Во-первых, Калегуропулос пригласил музыку, оркестр из пяти человек. Оркестр играет вальсы, а также марши, и всех охватывает залихватское настроение. Каждый вечер пять русских евреев играют арии из опереток, у первой скрипки завитые волосы — для дам.
Раньше никогда тут не видно было дам.
У Нейнера теперь оказались жена с дочерью, Каннер был вдов и имел двух дочерей, у Сигизмунда Финка была молодая жена; к ним присоединились еще мой дядя, Феб Белауг, с дочерью.
Феб Белауг приветствует меня сердечными укорами: мне следовало посещать его.
— У меня теперь нет времени, — отвечаю я.
— Тебе деньги больше не нужны, — отвечает Феб.
— Да вы мне никогда ничего и не дали…
— Не сердись, — напевает мой дядя Феб.
XXIIЯ не понимал, ради чего, собственно, явился Генри Бломфильд. Неужели для того только, чтобы ввести в бар музыку? С целью привлечь дам?
Однажды в зале файф-о-клока появился Злотогор, магнетизер Ксаверий Злотогор. Он состроил свою плутоватую рожицу молоденького еврея, стал прохаживаться между столами и приветствовать дам. Все они ласково кивали ему в ответ и просили его присесть. Ему пришлось подсаживаться ко всем столам поочередно.
У каждого он оставался по пяти минут. Вставая, он целовал дамам ручки. За час он перецеловал двадцать пять ручек.
Он подошел и ко мне. Тут же находился Звонимир, спросивший его;
— Это вы — человек с ослом?
— Да, — ответил Злотогор, несколько изумленный. Он был человек тихий, его стихией было безмолвие. Он ненавидел шумливость Звонимира.
— Хорошенький анекдот! — продолжает расхваливать Звонимир, не понимая, всей нежелательности такой шумной веселости.
Ксаверия Злотогора он, конечно, удалить не был в силах.
Совсем наоборот: Злотогор присел к нам и рассказал мне, что у него есть одна хорошая мысль.

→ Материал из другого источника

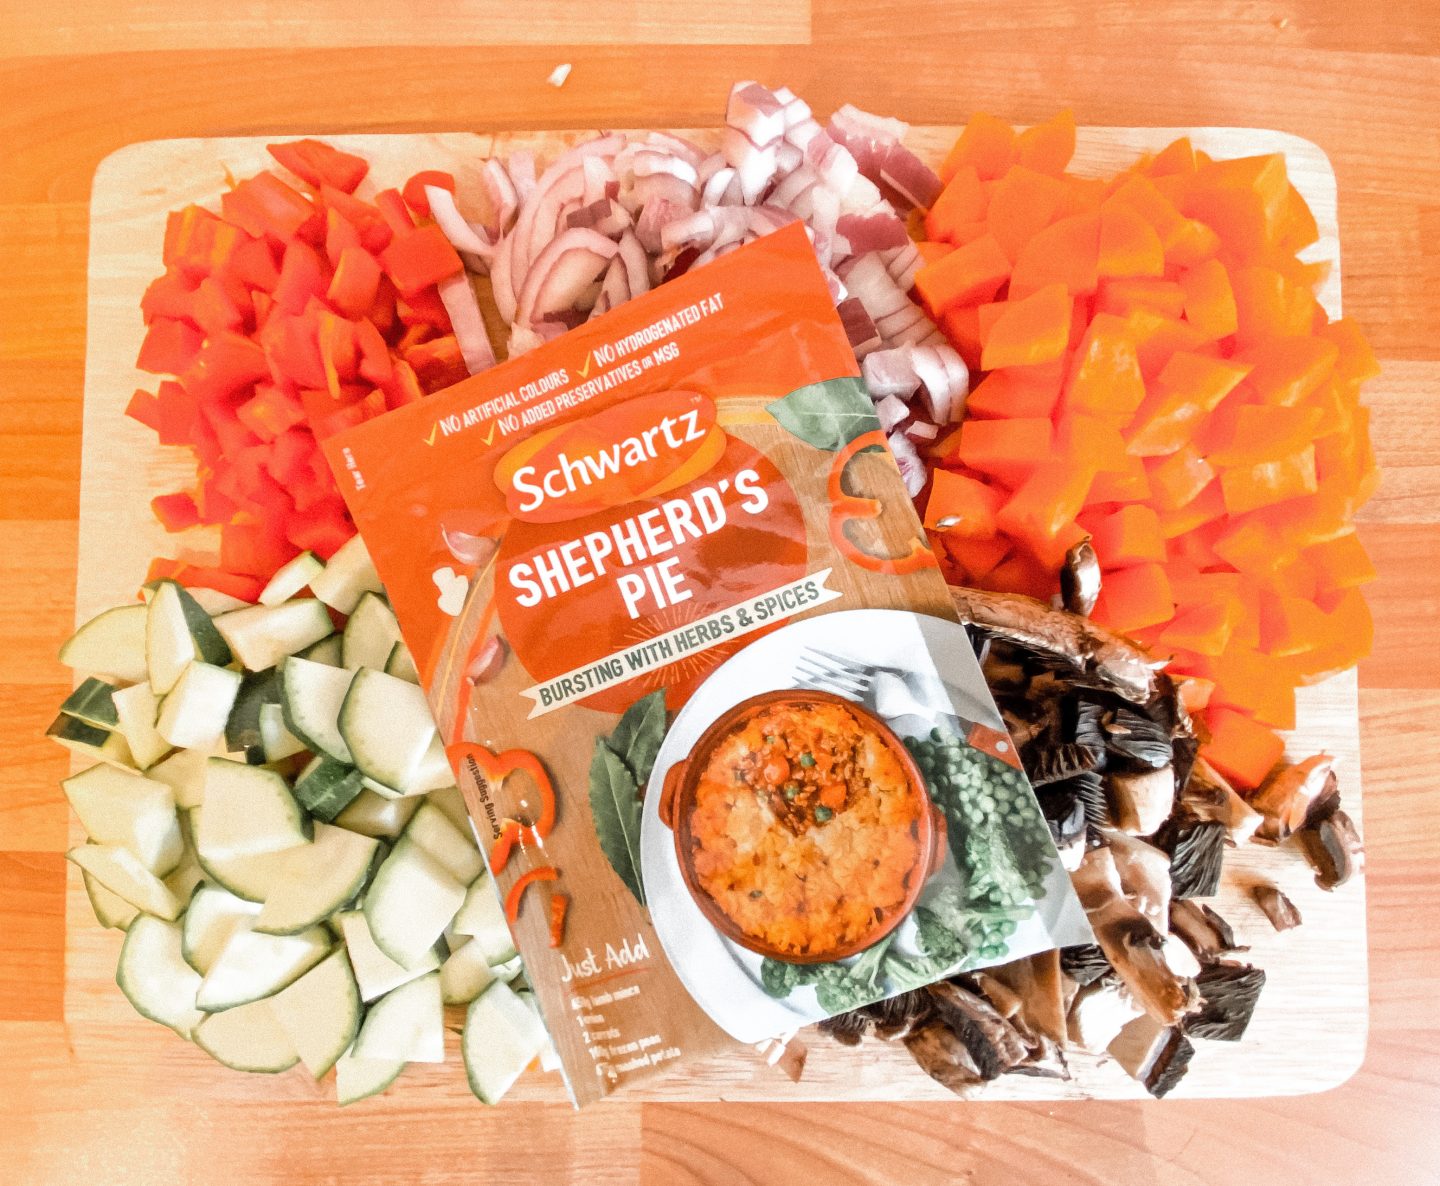 Schwartz Shepherd's Pie mix with chopped vegetables

Для публичных выступлений с сеансами магнетизма теперь не сезон; поэтому он собирается использовать каникулы и заняться частною магнетизерскою практикою. Сделает он это в отеле, в своей большой комнате, на третьем этаже. Он собирался принимать дам, страдавших головными болями.
— Превосходная мысль! — орет Звонимир.
— Господин доктор, — кричит Звонимир, адресуясь к военному врачу. А сидящий тут же магнетизер Злотогор готов убить Звонимира кинжалом.
Однако никакой магнетизм не может повредить крепкой натуре Звонимира.
Военный врач подходит к нам.
— У вас будет конкурент, — говорит Звонимир и указывает на магнетизера.
Ксаверий Злотогор вскочил с места; ему хотелось предупредить более крупную неудачу и остановить крик Звонимира. Поэтому он сам рассказал о своих намерениях.
— Слава богу, — заявил военный врач, не любивший работать. — Тогда я больше не стану прописывать аспирин. Я буду посылать всех пациентов к вам.
— Сердечное спасибо, — говорит Злотогор и кланяется.
А на следующий день в отель явились несколько дам и послали письма наверх к Злотогору. В самую гостиницу ни одна не рискнула войти, но Злотогору это было почти безразлично. Он ходил магнетизировать на дом.
— Удивительное дело! — говорю я Звонимиру. — Видишь, как переменились люди оттого, что тут Бломфильд, мой шеф. В этом отеле и в этом городе внезапно у каждого являются деловые мысли. Каждый хочет заработать денег.
— У меня тоже родилась одна идея, — говорит Звонимир.
— Именно?
— Укокошить Бломфильда.
— К чему?
— Так, в шутку; впрочем, это не деловая мысль; к тому же она бесцельна.
— А ты знаешь, ради чего приехал Бломфильд?
— Ради совершения коммерческих сделок.
— Нет, Звонимир, Бломфильду плевать на эти сделки. Мне очень бы хотелось знать, ради чего он здесь. Быть может, он влюблен в какую-нибудь женщину. Но ведь он мог бы взять ее с собою за океан. Женщина не дом; но она, может быть, замужем. Тогда сдвинуть ее с места труднее, чем дом. Не думаю, чтобы Бломфильд явился сюда, чтобы восстановить фабрику покойного Майблума. Безделушками он не интересуется. У него денег довольно, чтобы снабдить безделушками четверть Америки. Неужто он прибыл сюда, чтобы финансировать на своей родине кинематограф? Он даже Нейнеру не дает денег, и рабочие бастуют уже пятую неделю.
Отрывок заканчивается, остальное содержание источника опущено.